Skip the pictures, please, and write out exactly every line from the one containing "Fianc√©e I love" through the end of the listing below.

--- THE DATA Enclosed Below ---

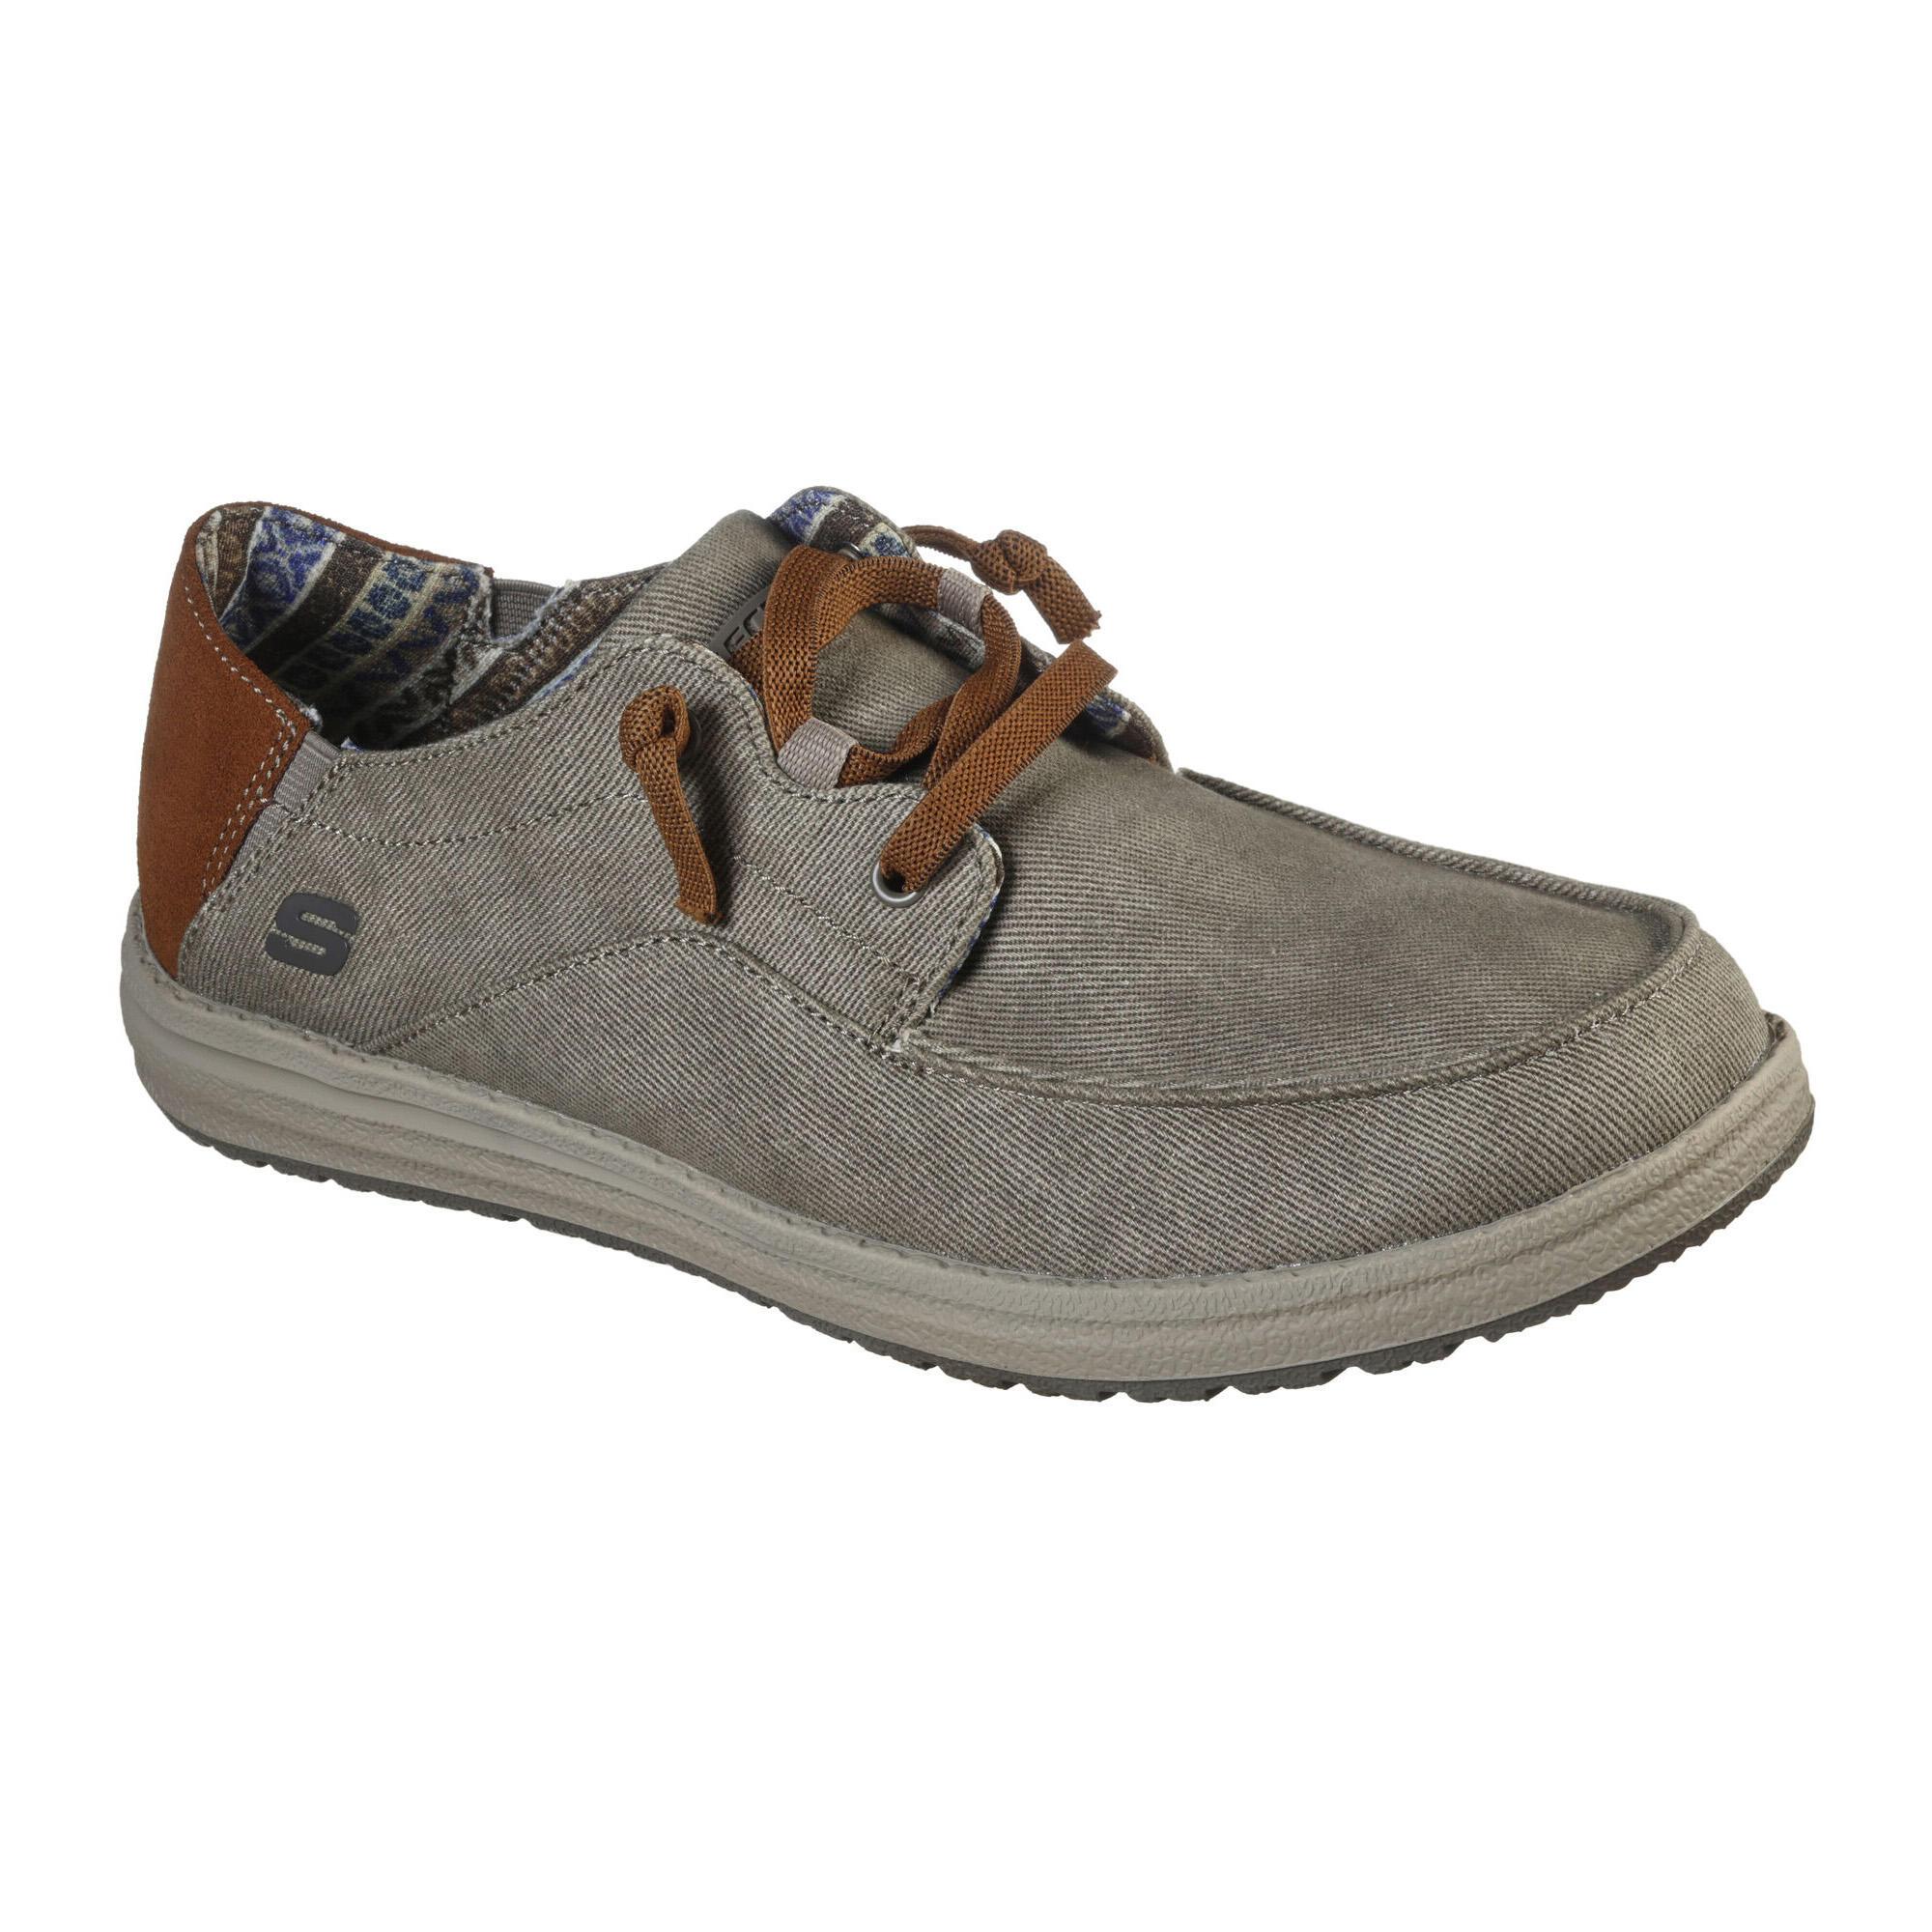 SKECHERS Mens Melson Planon Suede Casual Shoes (Taupe)
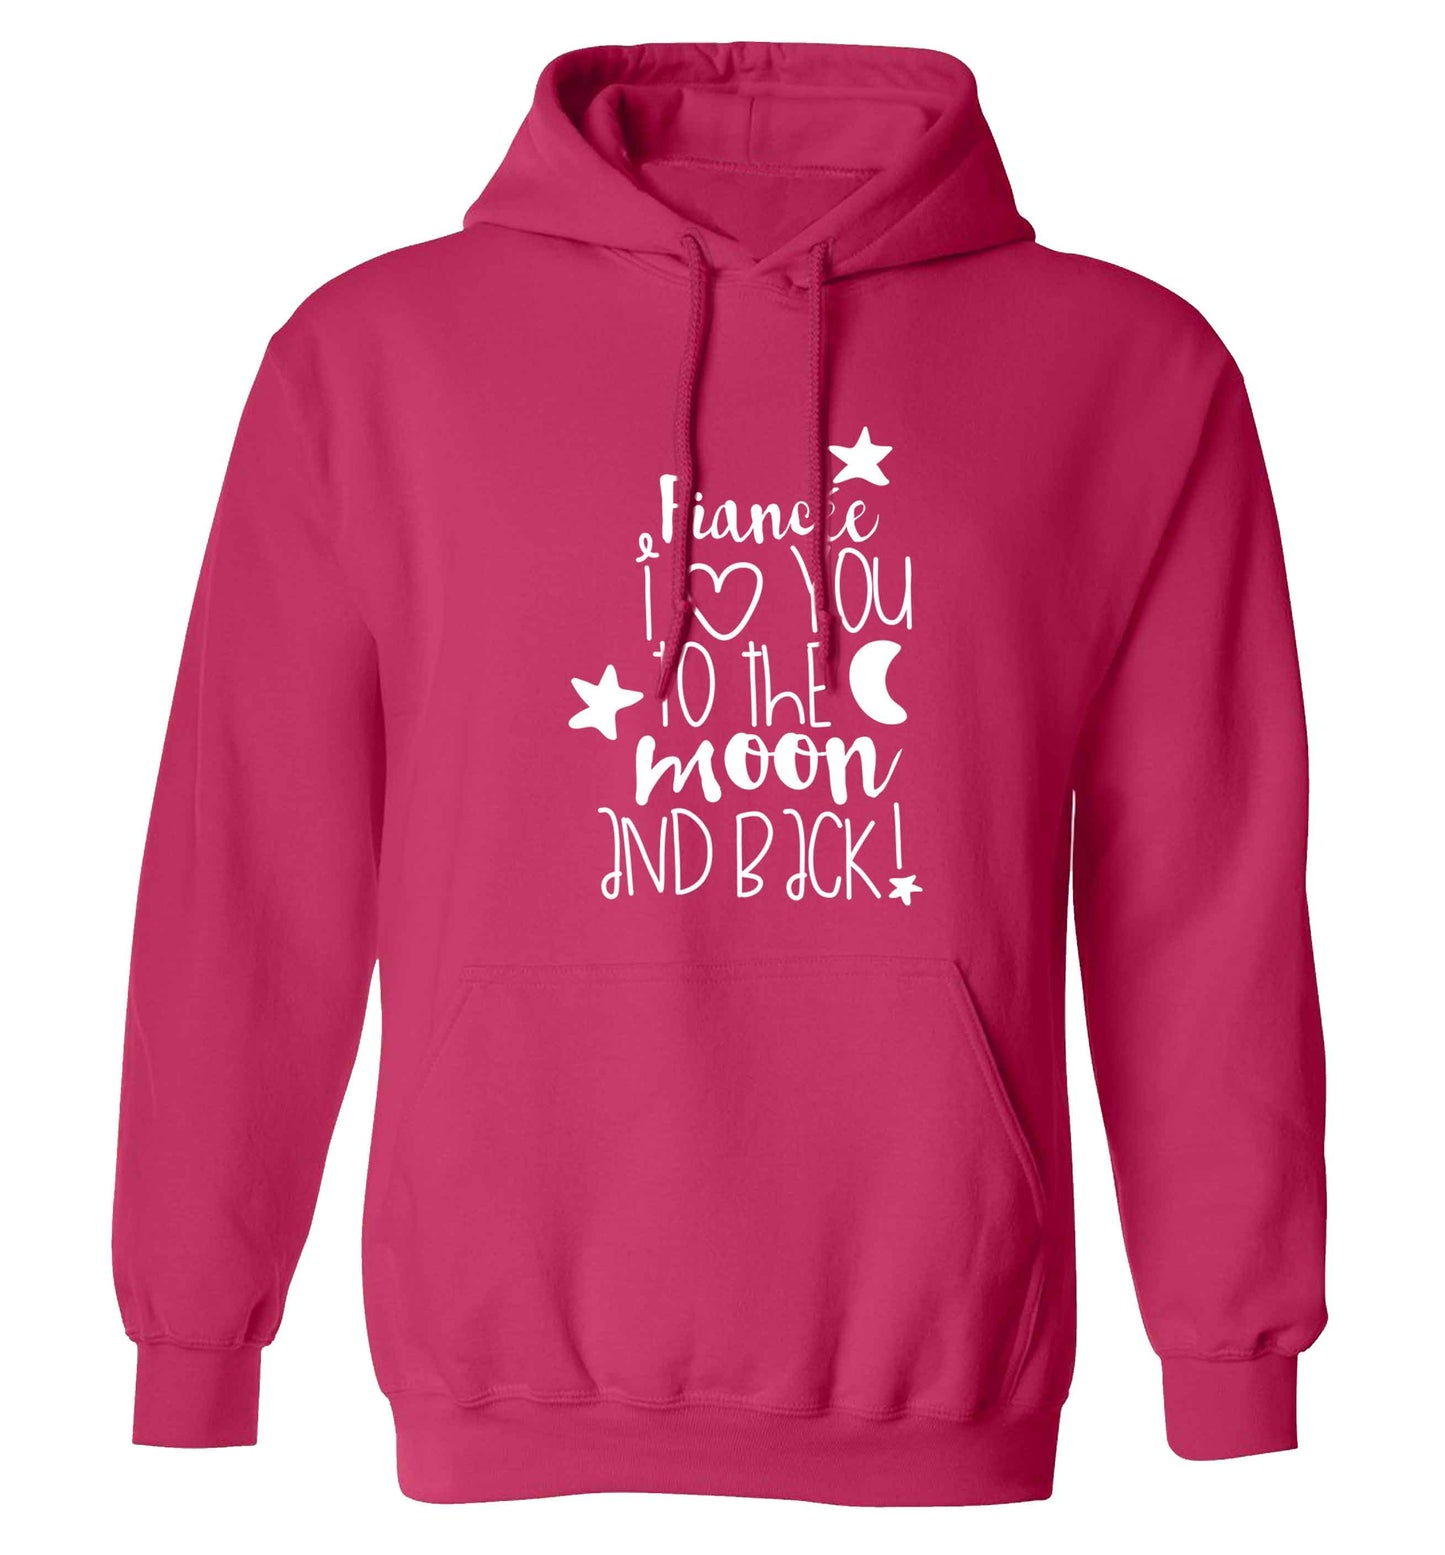 Fianc√©e I love you to the moon and back adults unisex pink hoodie 2XL
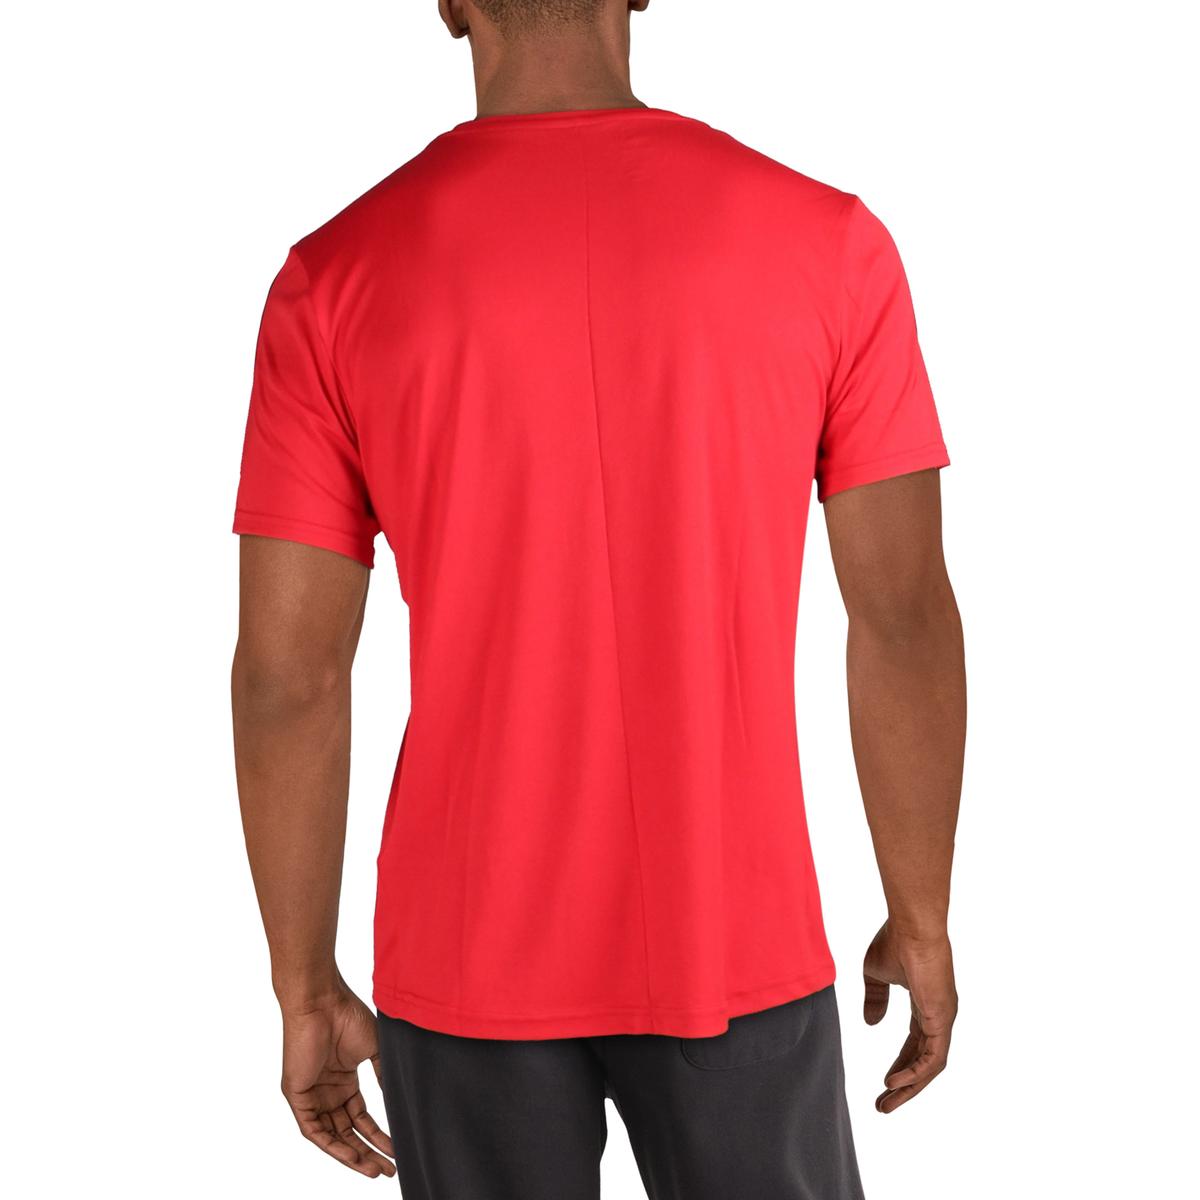 30 Minute Red Workout Shirt with Comfort Workout Clothes
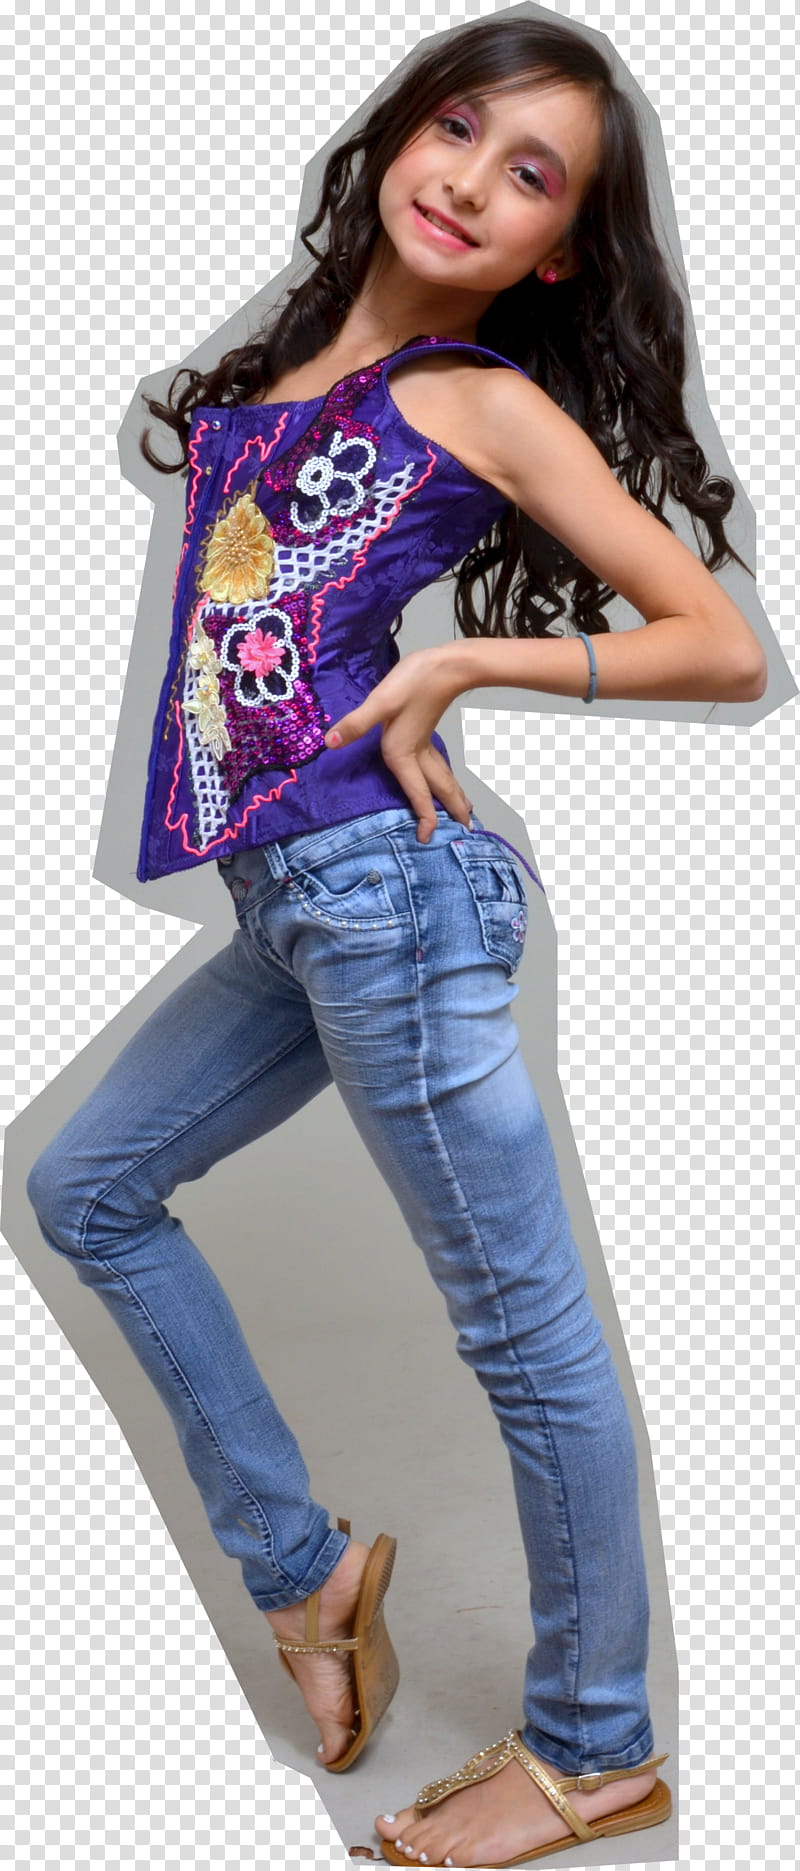 Gretchen, standing girl wearing purple shirt and blue jeans transparent background PNG clipart

--- End of Enclosed THE DATA ---

ANSWER:
 Fianc√©e I love you to the moon and back adults unisex pink hoodie 2XL
 30 Minute Red Workout Shirt with Comfort Workout Clothes
 Gretchen, standing girl wearing purple shirt and blue jeans transparent background PNG clipart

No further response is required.